Append the reference to whatever file your agent reads at startup. Works with Claude Code, Copilot, Cursor, Windsurf, or any agent that reads a system prompt from a file.
# Claude Code $ satsuma agent-reference >> CLAUDE.md # GitHub Copilot $ satsuma agent-reference >> .github/copilot-instructions.md # Cursor $ satsuma agent-reference >> .cursor/rules/satsuma.mdc # Or paste into any conversation $ satsuma agent-reference | pbcopy
The reference covers:
.stm files
The CLI gives agents token-efficient structural queries instead of dumping entire files into context. Agents compose these primitives into higher-level workflows — the CLI extracts the facts, the agent reasons over them.
Your agent can trace any data element from source to destination across the entire workspace. It starts with lineage for schema-level paths, then drills into arrows for field-level detail.
When an arrow is classified as nl, the agent reads the natural-language intent and interprets it. When it's structural, the transform pipeline is fully specified — no interpretation needed.
lineage --from traces all downstream consumers of a schema
arrows --as-source follows each field through its transforms
nl extracts NL intent at [nl] hops for the agent to interpret
where-used finds every reference to a schema or fragment
# Schema-level: where does this data go? $ satsuma lineage --from loyalty_sfdc loyalty_sfdc -> sat_customer_demographics -> mart_customer_360 # Field-level: trace LoyaltyTier through transforms $ satsuma arrows loyalty_sfdc.LoyaltyTier --as-source --json { "target": "sat_customer_demographics.loyalty_tier", "classification": "structural", "transform": "UPPER | TRIM" } # Follow the chain — next hop is NL $ satsuma arrows sat_customer_demographics.loyalty_tier --as-source [nl] loyalty_tier -> mart_customer_360.tier_label "Map Gold/Silver/Bronze to internal codes" # Agent reads the NL and decides what to do
Satsuma uses natural-language strings for intent that can't be expressed as deterministic pipelines. The nl command extracts these verbatim — notes, transform descriptions, and comments — so your agent can analyze, critique, or summarize them.

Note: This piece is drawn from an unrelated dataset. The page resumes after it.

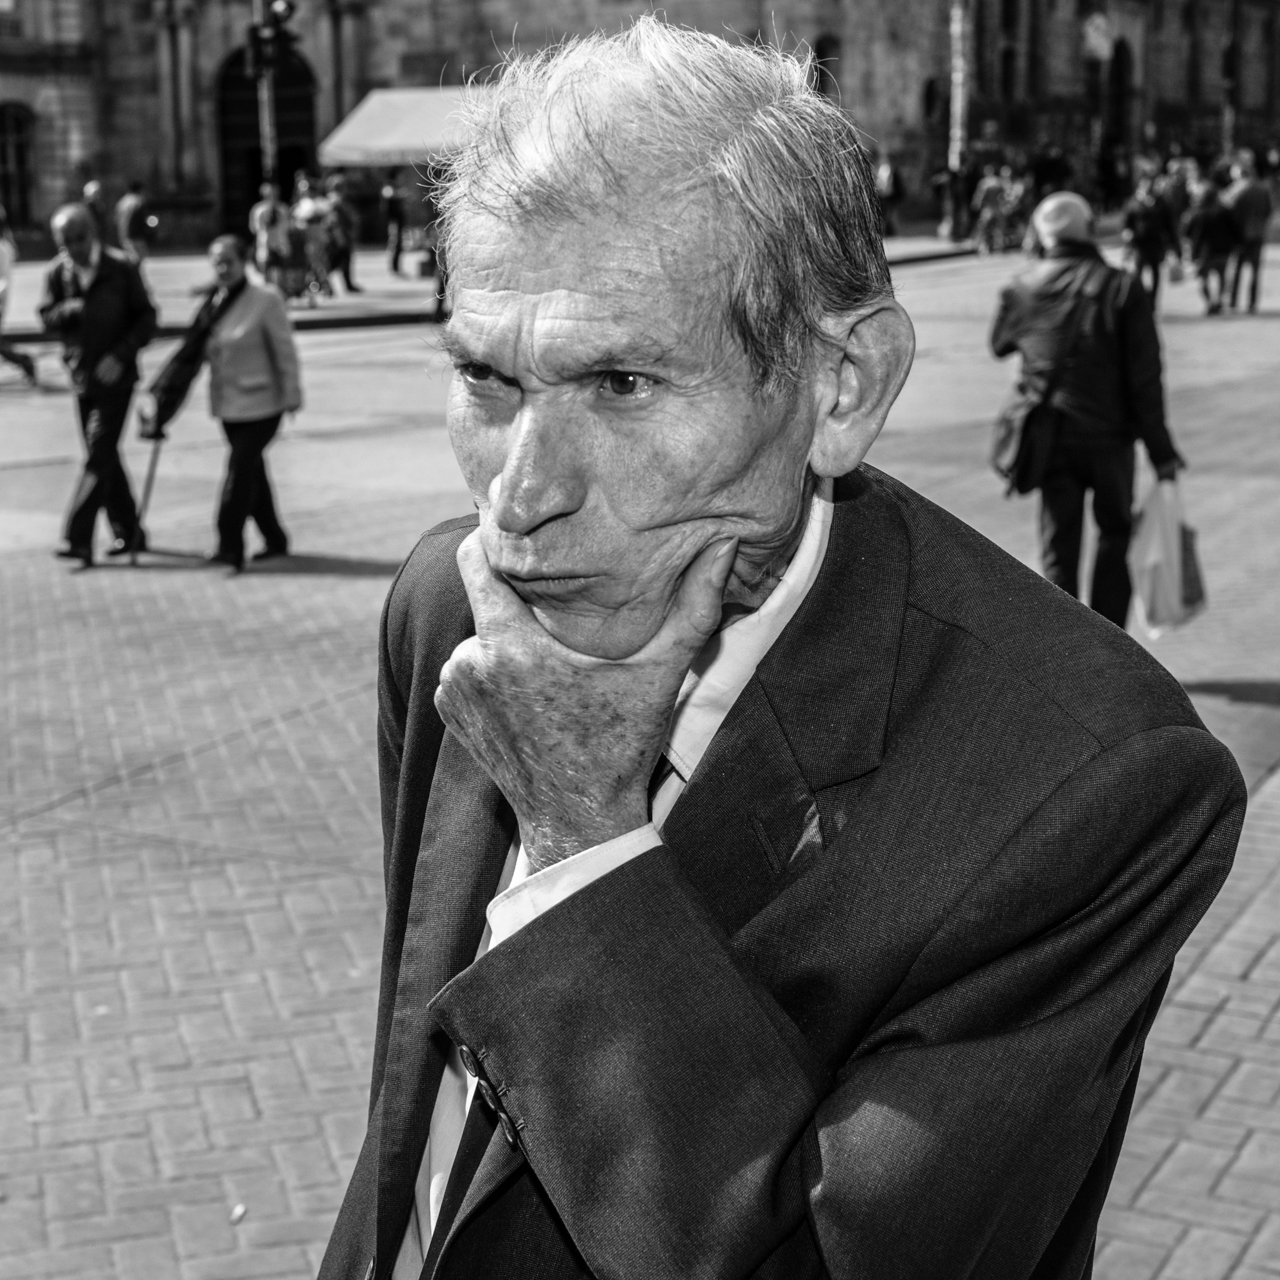 A businessman walks along the Avenue. July 6, 2015. (Juan Cristóbal Cobo)

Agents use this to review business logic, check if NL descriptions match the structural transforms around them, identify ambiguities, or generate documentation from the intent strings.

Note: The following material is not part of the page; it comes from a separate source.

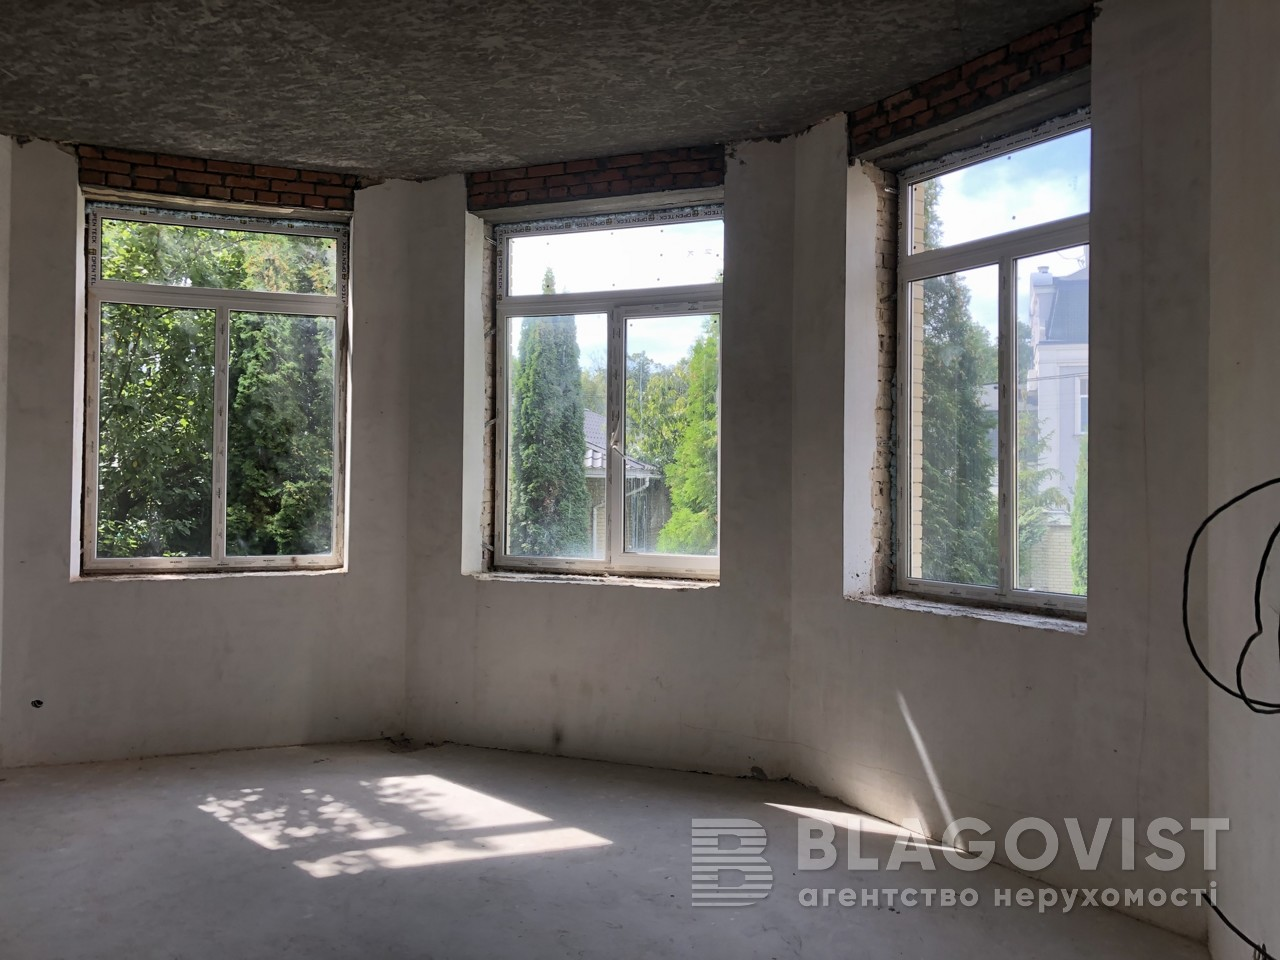 Квартира C-109816, Клавдии Радченко, 14, Киев - Фото 4

@ref references in NL are machine-extractable — the CLI traces them
# All NL content in a mapping $ satsuma nl 'demographics to mart' mart_customer_360.full_name [transform] "Concatenate first and last name from `@ref sat_customer_demographics`" mart_customer_360.tier_label [transform] "Map Gold/Silver/Bronze to internal codes per the tier mapping in `@ref lookup_tiers`" mart_customer_360 [note] "This mart combines demographic and loyalty data into a single customer view for BI" # Field-level NL only $ satsuma nl mart_customer_360.email "Hash with SHA-256 before loading into the mart. Original plaintext stays in the sat."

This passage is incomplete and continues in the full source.